Nach dem 15. Februar neu gegründete Tierbestände sind immer unverzüglich der Tierseuchenkasse schriftlich zu melden. Eine Beitragspflicht - außer für Geflügel und Bienen - besteht nicht.

Informationen für Bienenhalter

Bienenhalter haben den voraussichtlichen Jahreshöchstbesatz ihrer Bienenvölker anzugeben. Zu melden sind grundsätzlich alle Völker; auch kleine Ableger sind als solche zu bewerten. All das, was bei einem eventuellen Seuchenfall maximal vorzufinden, tierseuchenrechtlichen zu reglementieren und gegebenenfalls zu entschädigen ist, muss vollständig gemeldet werden.

Als Bienenhalter sind Sie verpflichtet, in Beständen ab zehn Bienenvölkern, jede Änderung in der Völkerzahl – auch Ableger - ganzjährig zu melden (Nachmeldung). Alle Änderungen, die eine Beitragserhöhung von 5 € oder mehr verursachen, werden Ihnen als Nachveranlagungsbescheid zugesendet.

Die Tierseuchenkasse als Solidargemeinschaft kann ihrer Aufgabe, Leistung von Entschädigungen und Beihilfen, nur nachkommen, wenn für alle im Beitragsjahr gehaltenen Tiere/Bienenvölker Beiträge bezahlt werden und daraus Rücklagen gebildet werden können. Nur dann ist in Seuchenfällen die Entschädigung aller Bienenvölker und die Übernahme der Kosten für die Tötung, Tierkörperbeseitigung sowie Reinigung und Desinfektion möglich.

Informationen für Geflügelhalter

Beim Geflügel ist der Jahreshöchstbesatz anzugeben, das heißt die Tierzahl, die maximal während des Jahres gehalten werden soll.

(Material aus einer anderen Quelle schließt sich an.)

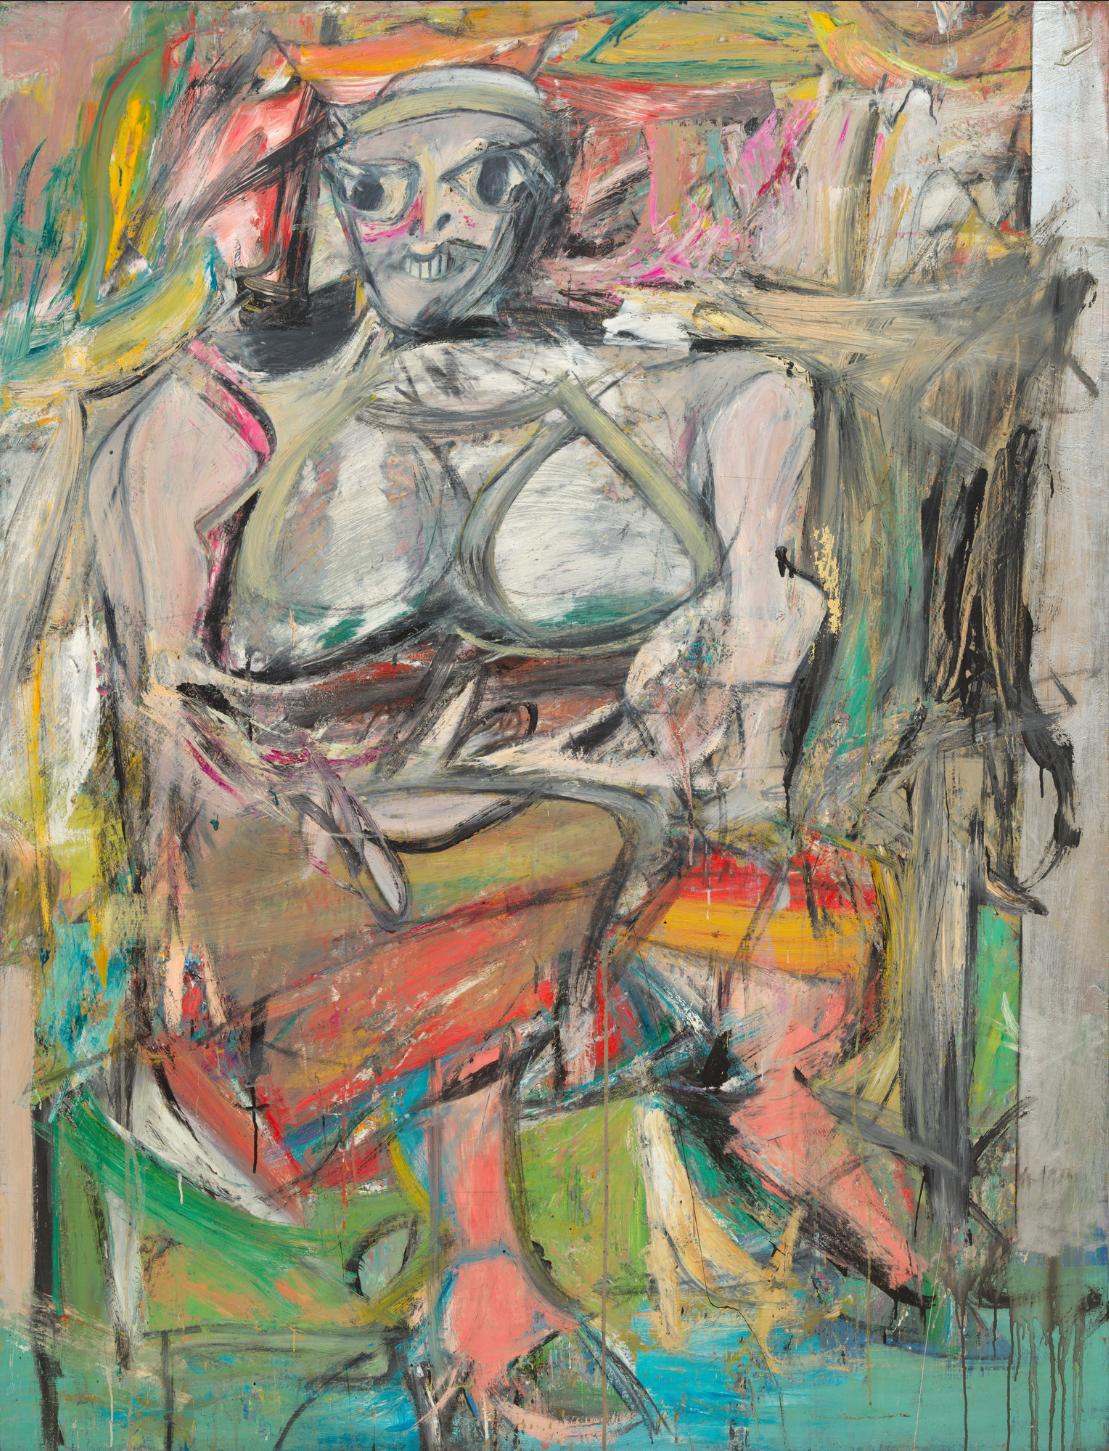 Willem de Kooning’s Woman I (1950–52), Museum of Modern Art, illustrates Abstract Expressionism’s emphasis on bold visible brush strokes, unnatural colors, and distortion of form, and more.
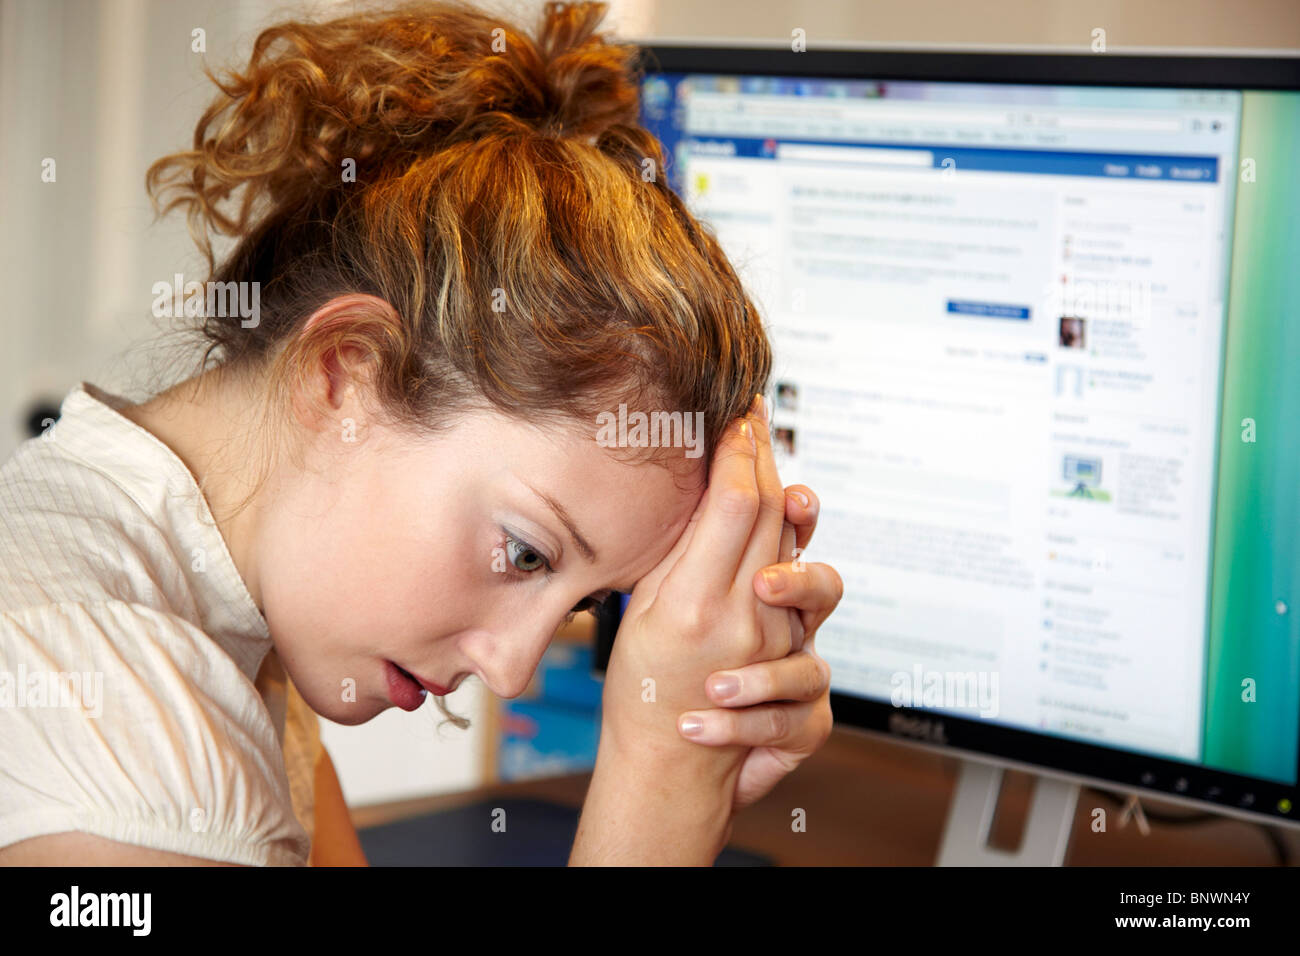 Girl looking upset at online chat line Stock Photo

In Geflügelbeständen mit mehr als 500 Gänsen, 500 Enten, 500 Puten, 1000 Elterntieren, 1000 Masthähnchen, 1000 Legehennen/Junghennen, 1000 Gänseküken, 1000 Entenküken oder 1000 Putenküken ist jede Überschreitung des angegebenen Höchstbesatzes um mehr als 10 v.H. der Tierseuchenkasse unverzüglich mitzuteilen. Nachgemeldete Tiere sind beitragspflichtig.

Sofern Ihr Tierbestand kleiner ist oder sich weniger als 10 % verändert hat, ist eine Nachmeldung nicht erforderlich. Die Tierzahlen werden nicht übernommen.

Betriebe, die eine Zulassung als Viehhandelsunternehmen nach § 12 der Viehverkehrsverordnung haben, müssen den Höchstbesatz – je Standort – jeder Geflügelart melden.

Bei der Berechnung der Beiträge wird aber nur die Zahl der Tiere mit dem höchsten Beitragssatz herangezogen.